Podstawą, to nie przegrzewać Małej. Na razie (odpukać) nie "przyplątał" się żaden katar ani gorączka.
napisał/a: annna25 2008-03-05 11:08
Jeśli chodzi o mnie to oczywiście spacerki, spacerki i jeszcze reaz spacerki:) codziennie rano przed drzemką małej wietrze jej pokój a pożniej jak ona spi to cale mieszkanie. jesli chodzi o chlodne kapiele to nie probowalam. Ale cycuś tez jak najbardziej:) pozdrawiam:)

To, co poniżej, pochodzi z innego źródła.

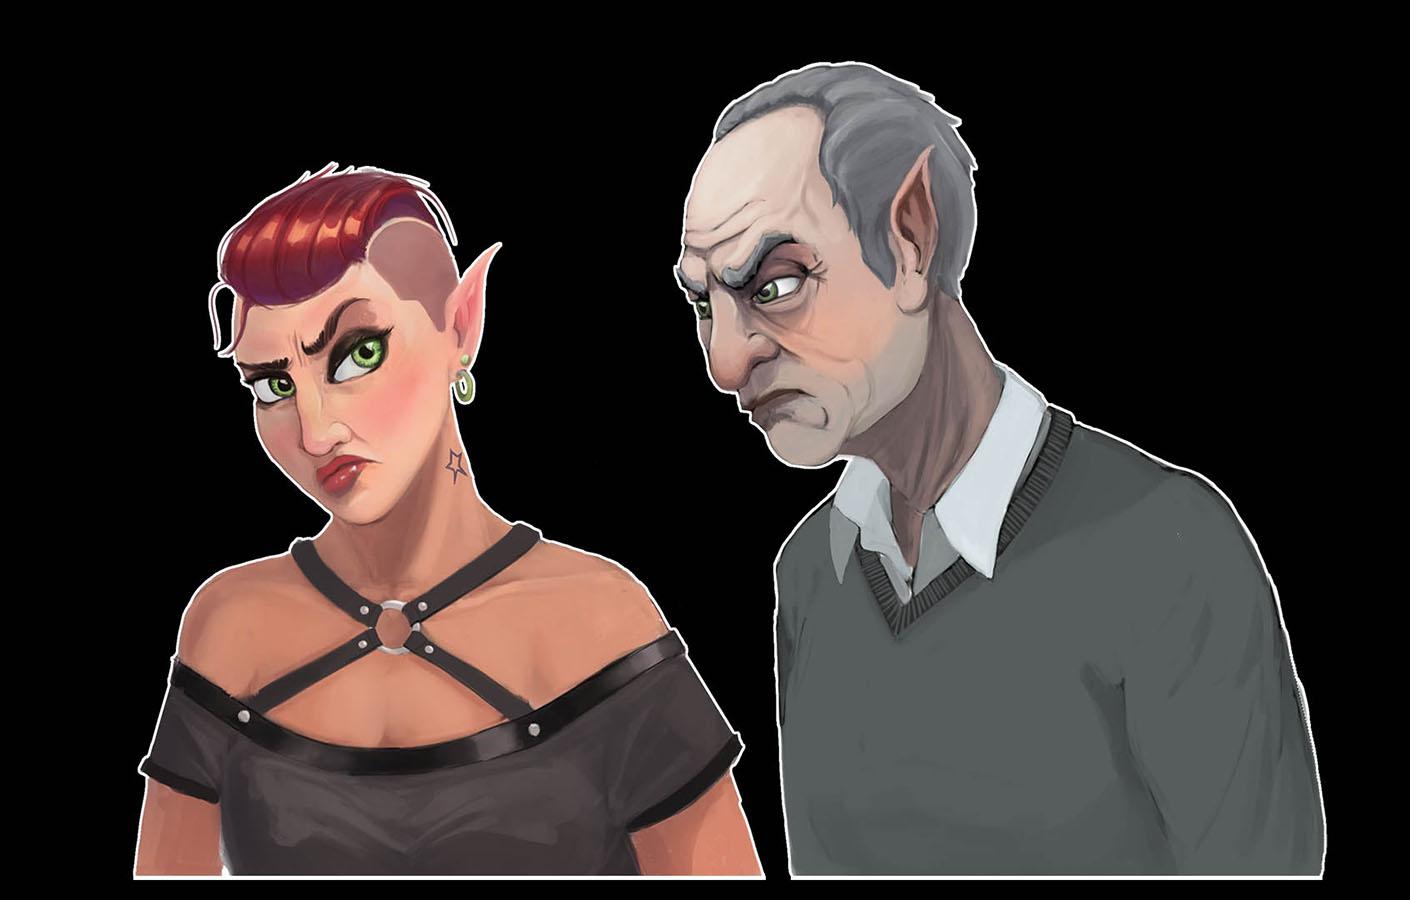 Father1 | Концепт-художник. Разные стили. 2D (в основном) + 3D (изредка)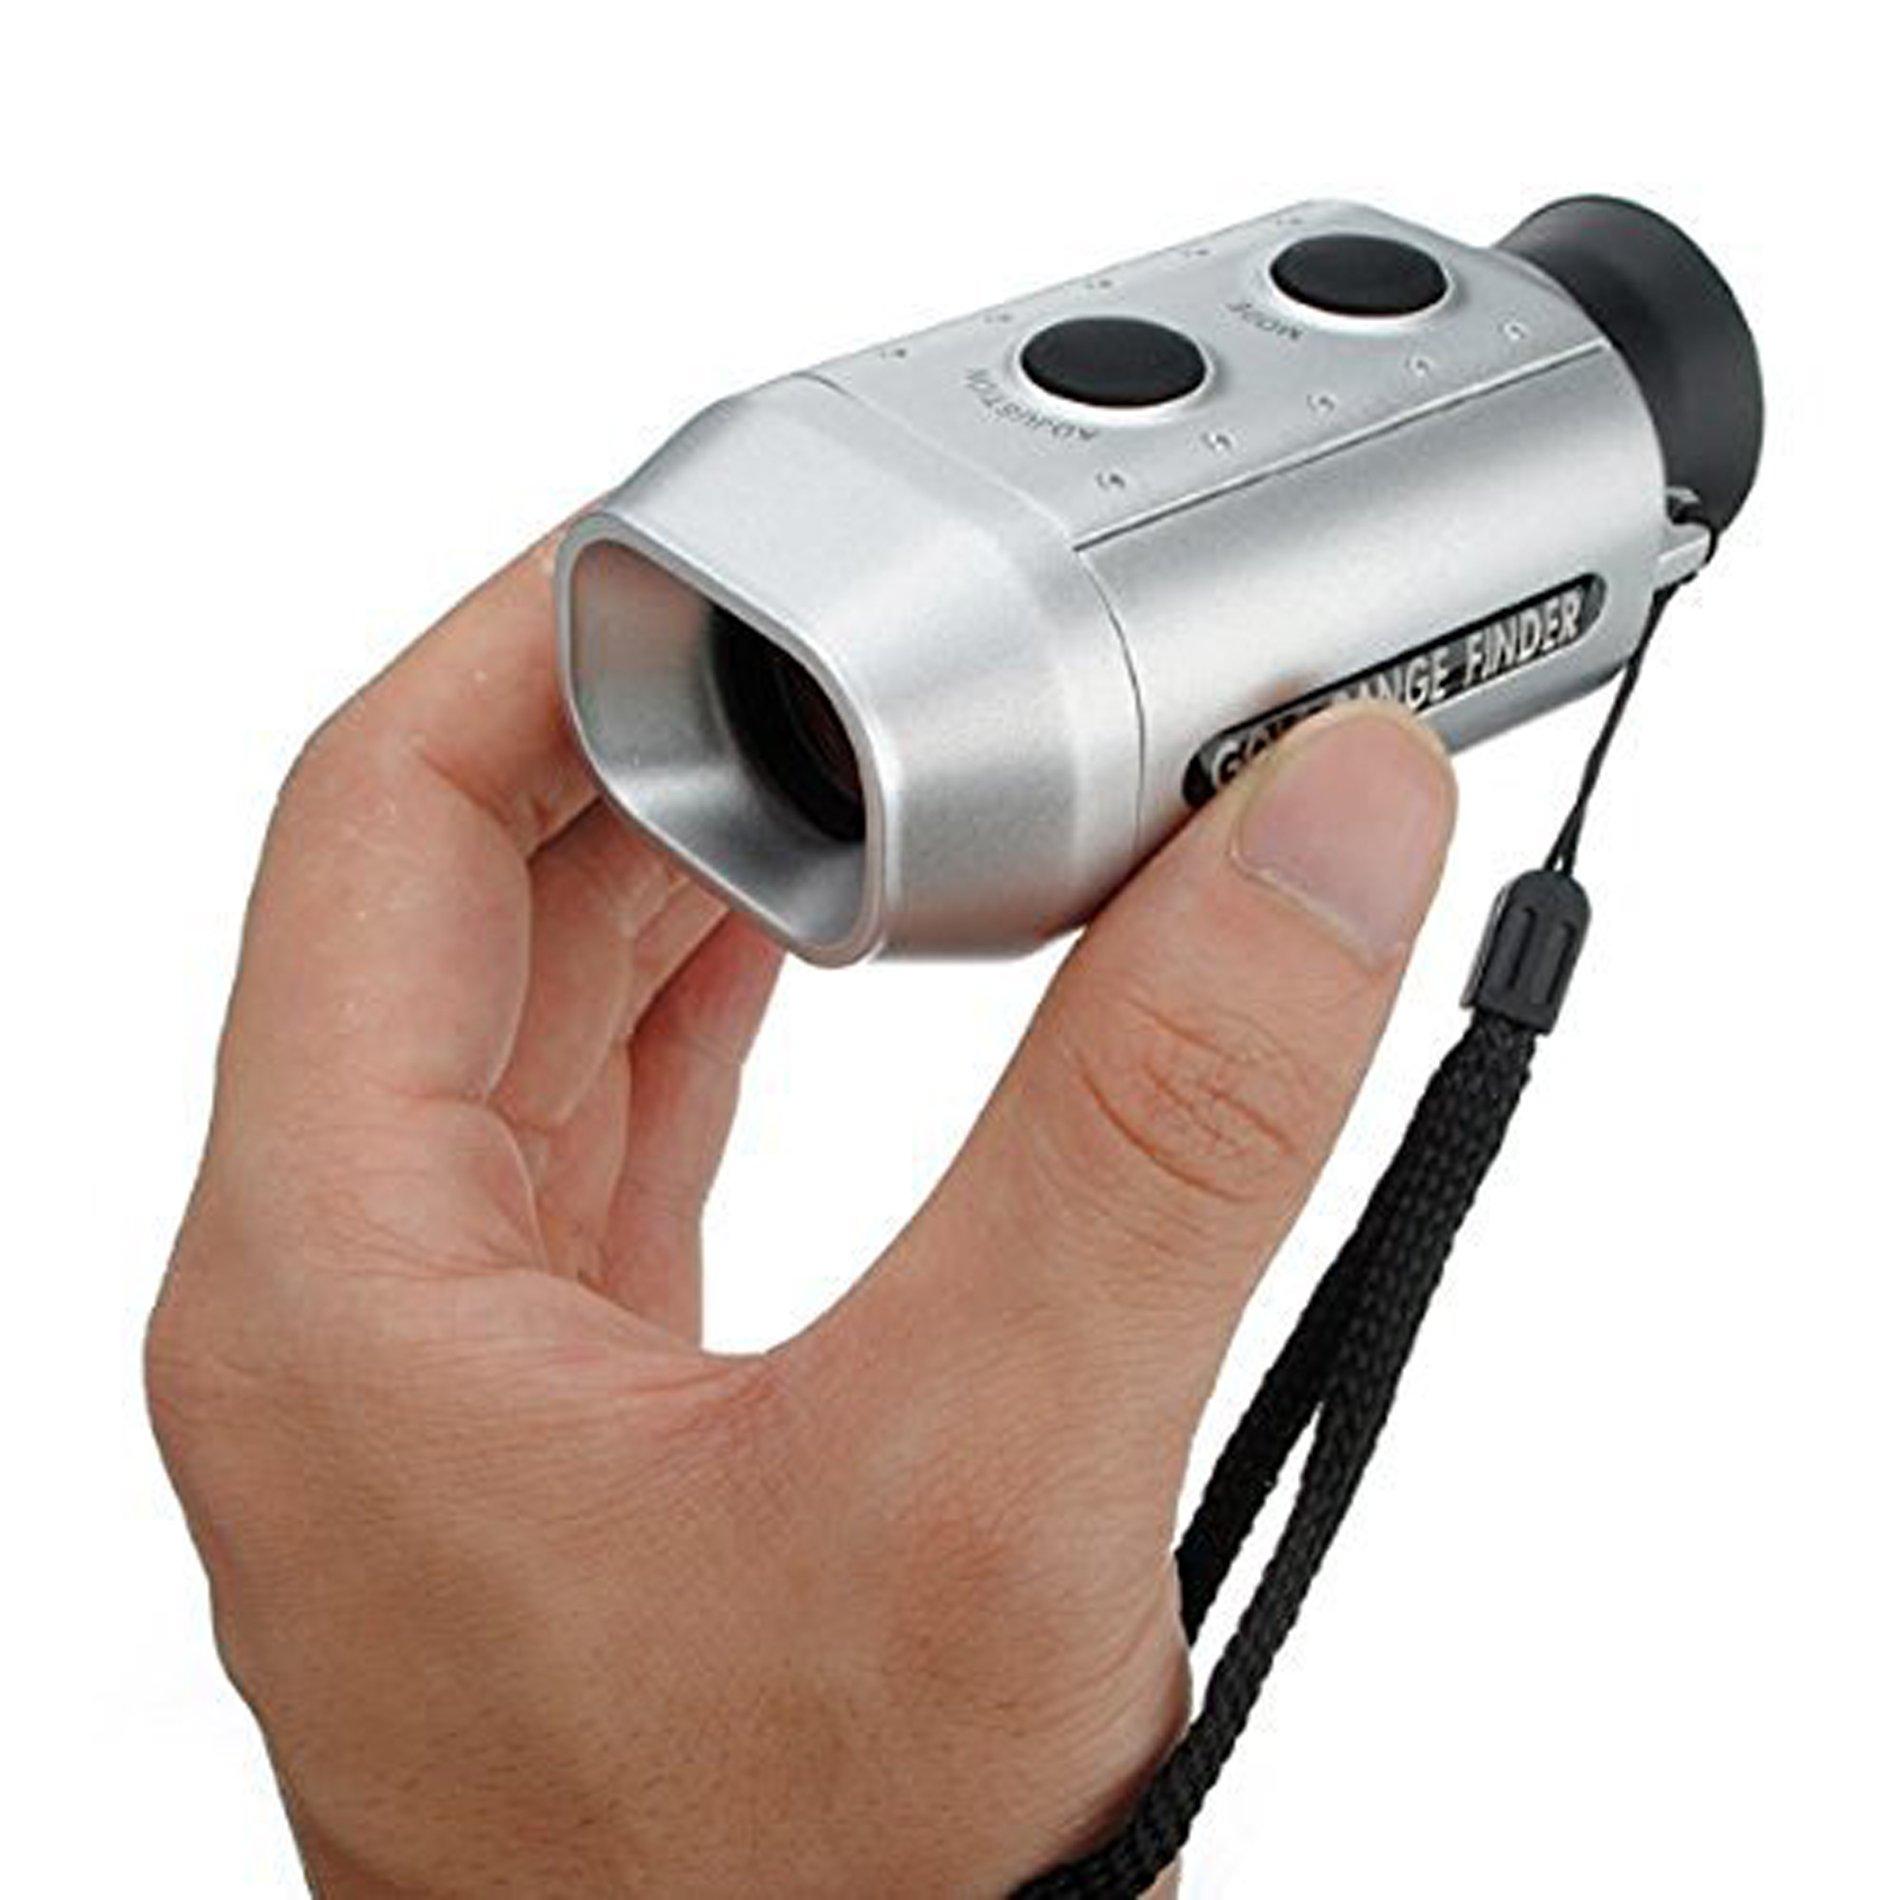 POSMA GF200 Golf Rangefinder Scope Digital Pocket 7x Zoom Golf Range Finder Magnification Distance Measurer by IDS Home (Image #6)

napisał/a: monisia74 2008-03-13 00:01
ja swoje pociechy po 2 tygodniach od powrotu ze szpitala najpierw lezakowalam,nastepnie wychodzilam na spacerki,najwazniejsza zasada dla mnie jest nie przegrzewanie maluchow.pozniej przy kazdej okazji latwo o infekcje.nie sluchalam rad wszystkich osob,robilam to mowila mi moja matczyna intuicja.oczywiscie przestrzegalam wszytskich norm zalecanych przez pediatrow,wiem jedno napewno ze nie ma co wychowywac dziecka w doslownie sterylnym schronie.zal mi dzieciaczkow ktore nie moga sobie swobodnie pobawic sie w parku,piaskownicy bo zaraz mama wola nie brudz sie,uwazaj,itp....na tym polega urok dziecinstwa wlasnie zeby byly te zabawne wspomnienia....pozdrawiam
napisał/a: sylwiam35 2008-03-13 00:06
Aga_TM napisal(a):hej;)
a czy ktoras z was podaje badz podawala engystol lub esberitox? bylam u 2 roznych pediatrow i oni mi polecili takie leki na uodpornienie... ale moj maluszek ma niespelna pol roku... a np. esberitox jest na alkoholu i na ulotce sa wskazania: dla dzieci od 6 roku zycia!!

Podawałam esberitox synkowi po jakimś przeziębieniu miał wyedy ok roku, z polecenia pediatry.